Apple, who thought that it had the advantage over Amazon when it comes to hardware sought to set prices uniformly across the market through its use of a “most-favoured nation” clause. The clause basically guarantees that if a publisher offers an e-book at a lower price to one retailer, the book will cost the same in Apple’s e-book store. By eliminating price competition for e-books, the accusation levied against Apple by the Justice Department was that Apple thought they could win the war against Amazon by putting the iPad in a straight-up head-to-head competition against Amazon’s Kindle.

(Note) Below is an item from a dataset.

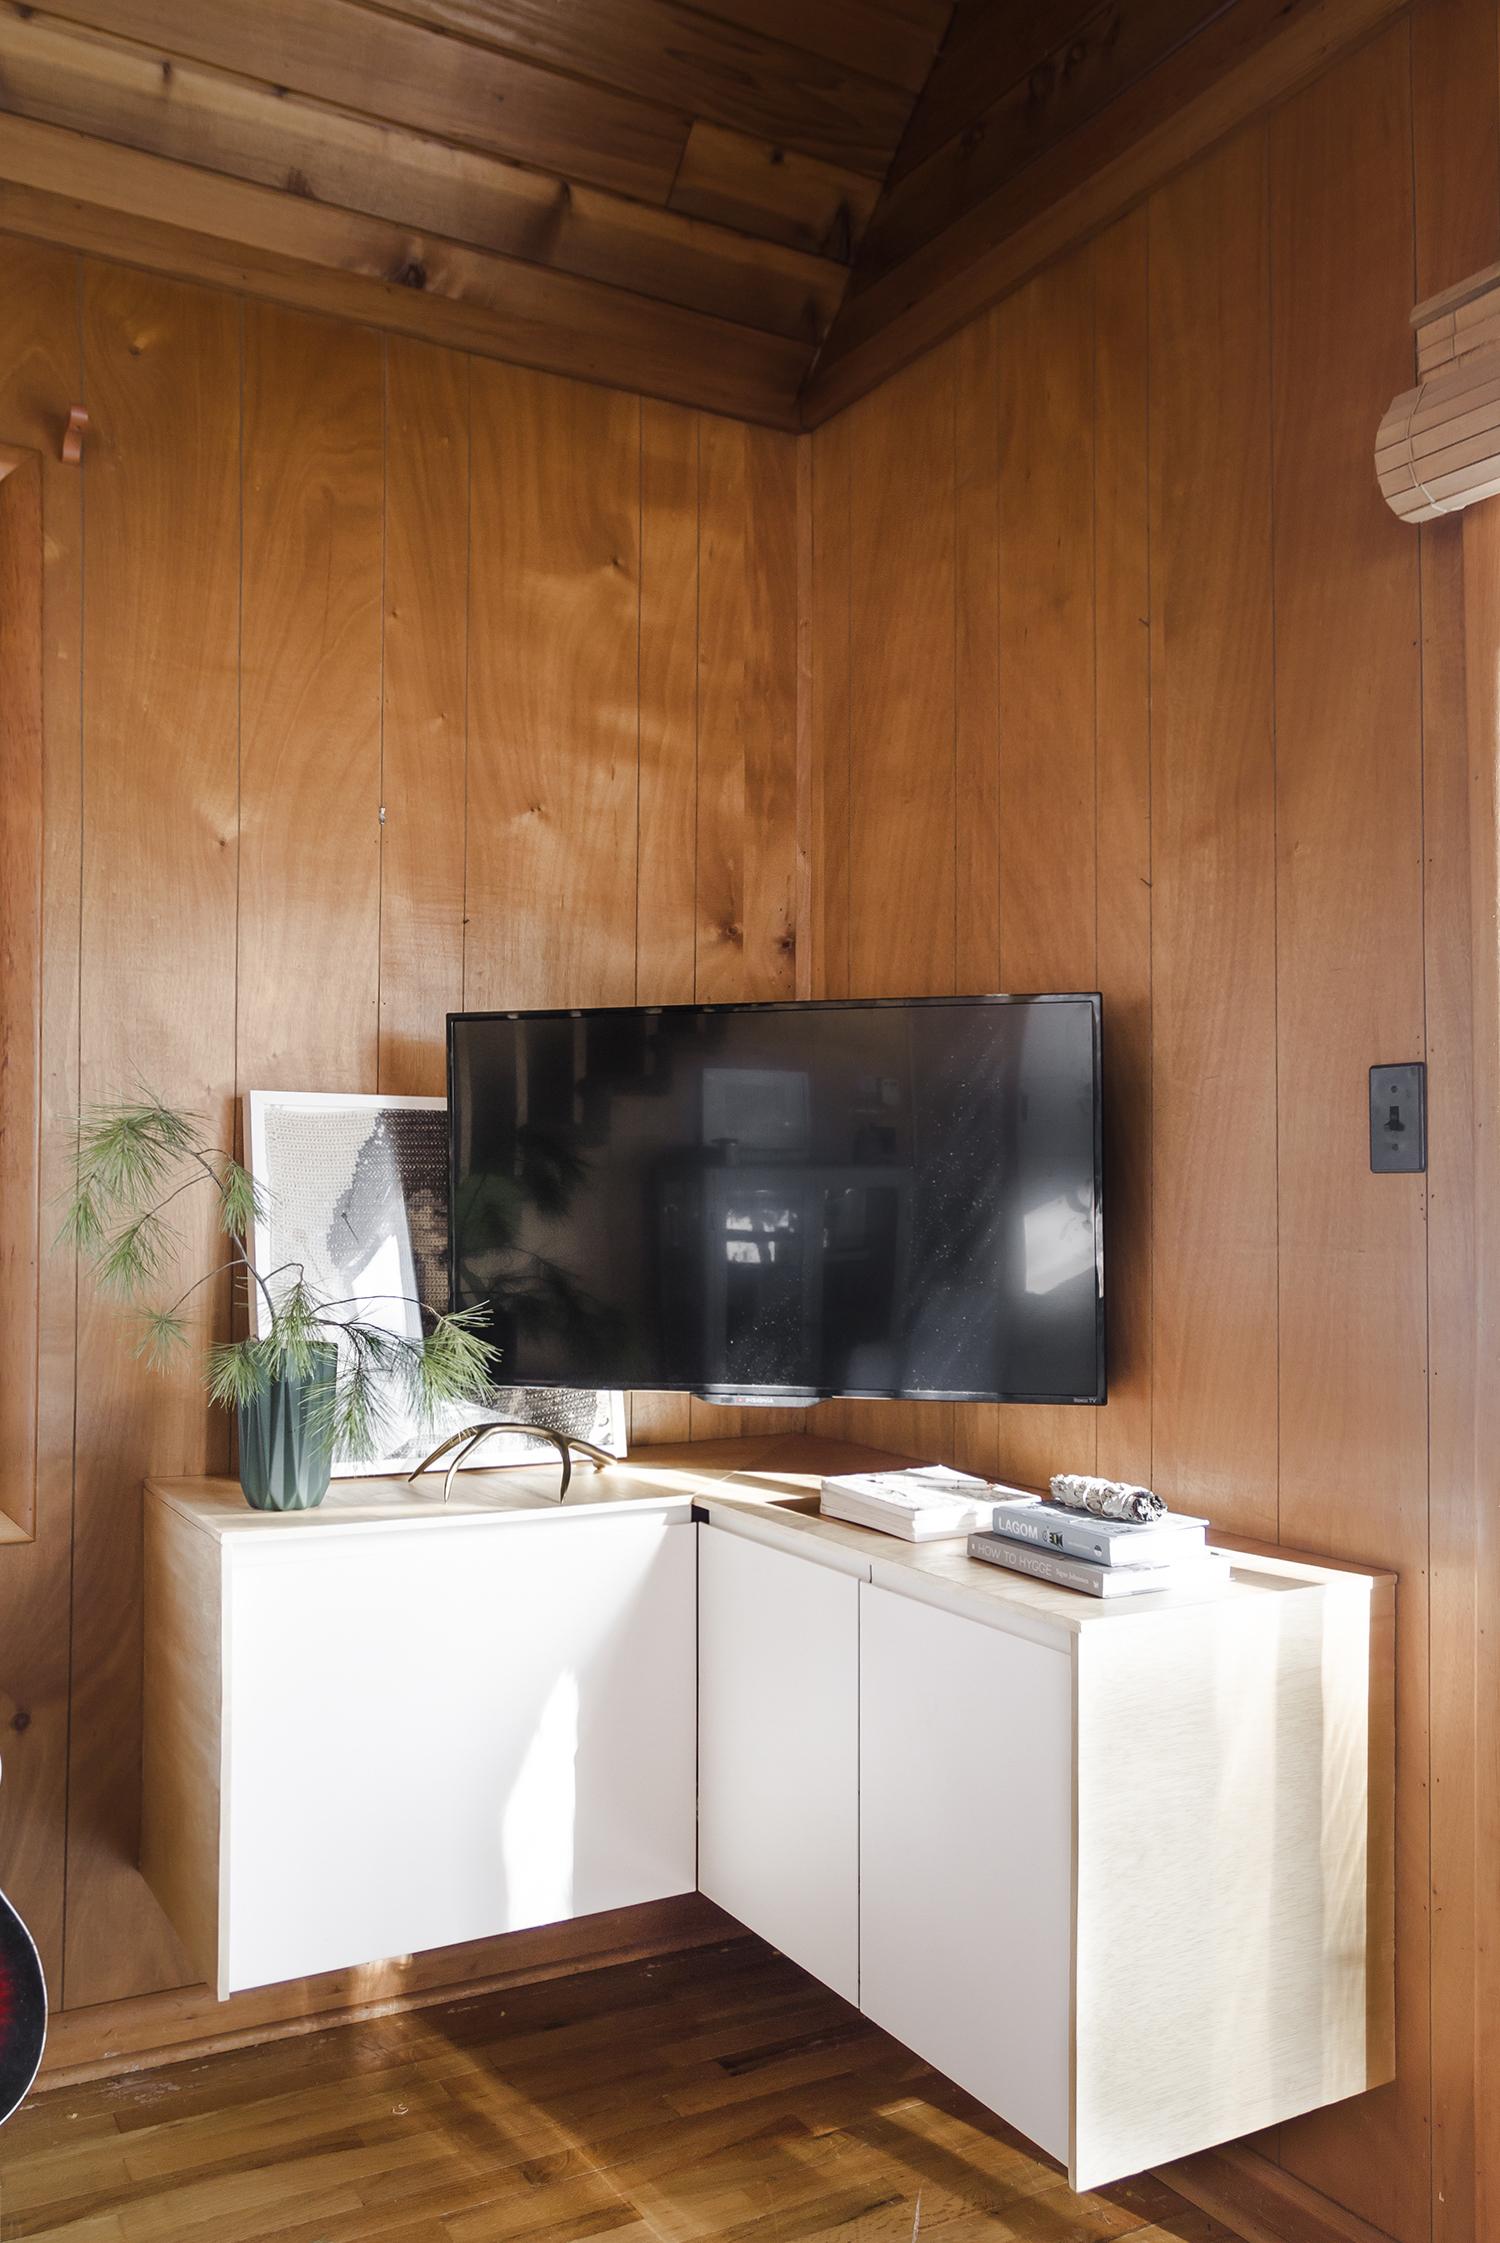 Deucecities Henhouse | Custom Corner TV Credenza using Ikea Kitchen Cabinets

The outcome, according to the Justice Department, was Amazon being forced to respond to the way it priced its e-books. This was alleged to have caused a negative effect on competition. Apple used the agency model meaning publishers rather than retailers had to set prices when entering the e-book market. Apple would grab a 30 per cent commission and then publishers would have to lower their prices to match Amazon’s prices. Publishers who thought Amazon prices were too low entered into agreements with Apple allowing for higher pricing on new releases and best sellers. The result was price bumps for the everyday consumer of $12.99 and $14.99, respectively.

Last year, in settlement with the European Commission, Penguin and other publishers ended their agency relationship with Apple. The settlement allowed Amazon and other retailers to set e-book pricing. For the next two years, this will be the industry standard as long the value of the discounts offered does not exceed the value of the sales commissions the retailer receives from the publisher.

Apple plans to appeal the court ruling.